ハインツの表情は実に晴れやかで、心の底から嘘のない、真実の告白だった。
「そもそも俺を熟知していて、調子に乗ったら喝を入れてくれて、でもプライベートには干渉しないし、美人で料理も上手い。同じ剣の道で夢を追っているし、今更だが、お前以外の選択肢はねえ! まあ、単なる俺のわがままに聞こえるかも知れないが、俺は本気さ。ゆっくり考えてくれ」
突然のキャラクター変更とさえ思えてしまう、ハインツからの誉め殺しに言葉を失うクレア。
心の奥底では喜ぶべきか、まだ突き放すべきなのか。
だが、そんな駆け引きに今更意味はない。
それだけは、彼女にも分かっていた。
「ふふっ……」
唖然とするパーティーの沈黙を破り、小さな笑い声を上げたのは、意外にもリン。
「ハインツさん……昨日のバンドーさんと同じ事を言ってますよ!」
普段は正反対に見えるキャラクターの、バンドーとハインツ。
だが、両者とも恋愛には不器用で、結局玉砕覚悟で女性に手綱を任せようとする、女性の尻に敷かれるタイプの男だと判明してしまったのだ。

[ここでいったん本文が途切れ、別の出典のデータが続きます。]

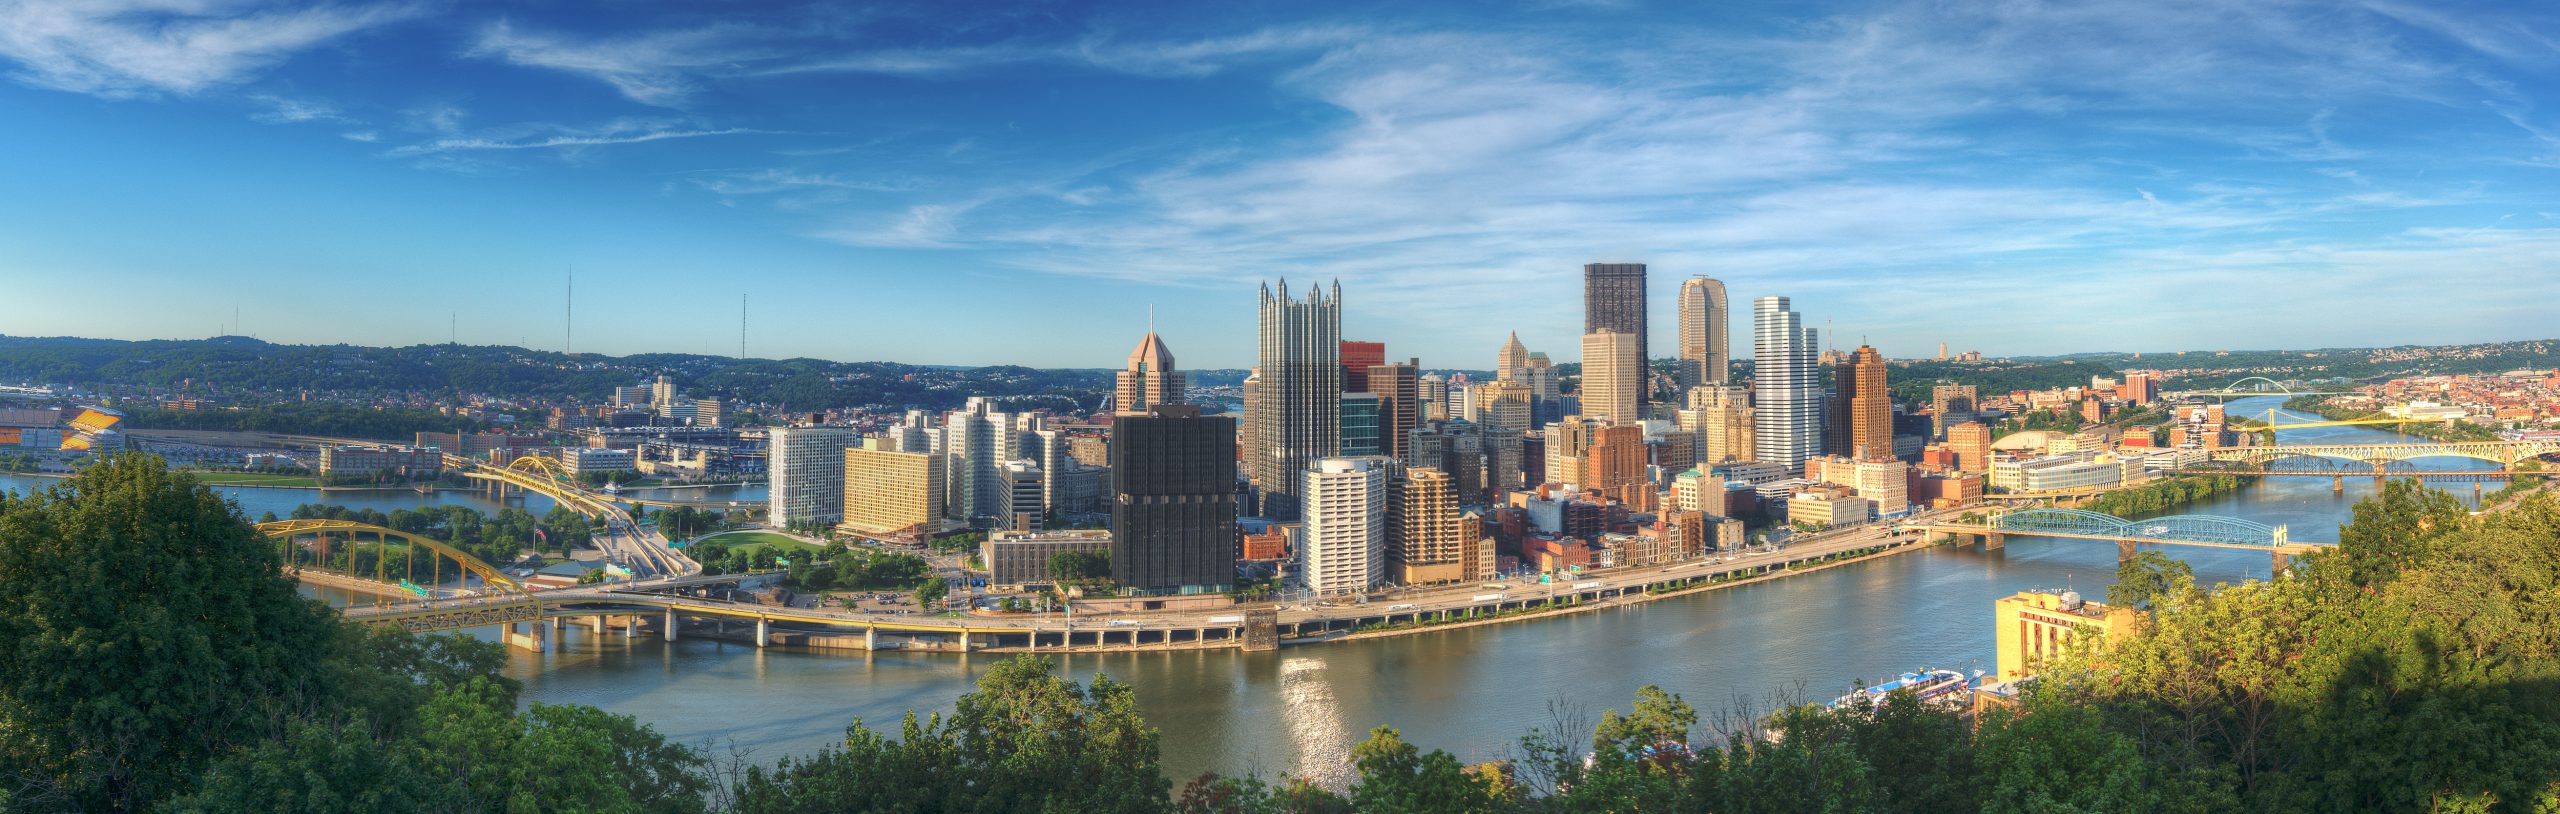 Panorama of downtown Pittsburgh, Pennsylvania, USA at Allegheny River. MM Romance, Gay Romance, Author SIgning

「……え? 何だって? 昨日何かあったのか!? バンドーの恋は上手く行くのか?」
多少の照れ隠しもあるのだろう。
ハインツはクレアそっちのけでバンドーに詰め寄り、詳細を訊き出そうとしている。
「おおっと、教える訳には行かないな!」
バンドーはハインツの追及の手を逃れて、姉妹の様に微笑むリンとフクちゃんの陰に隠れた。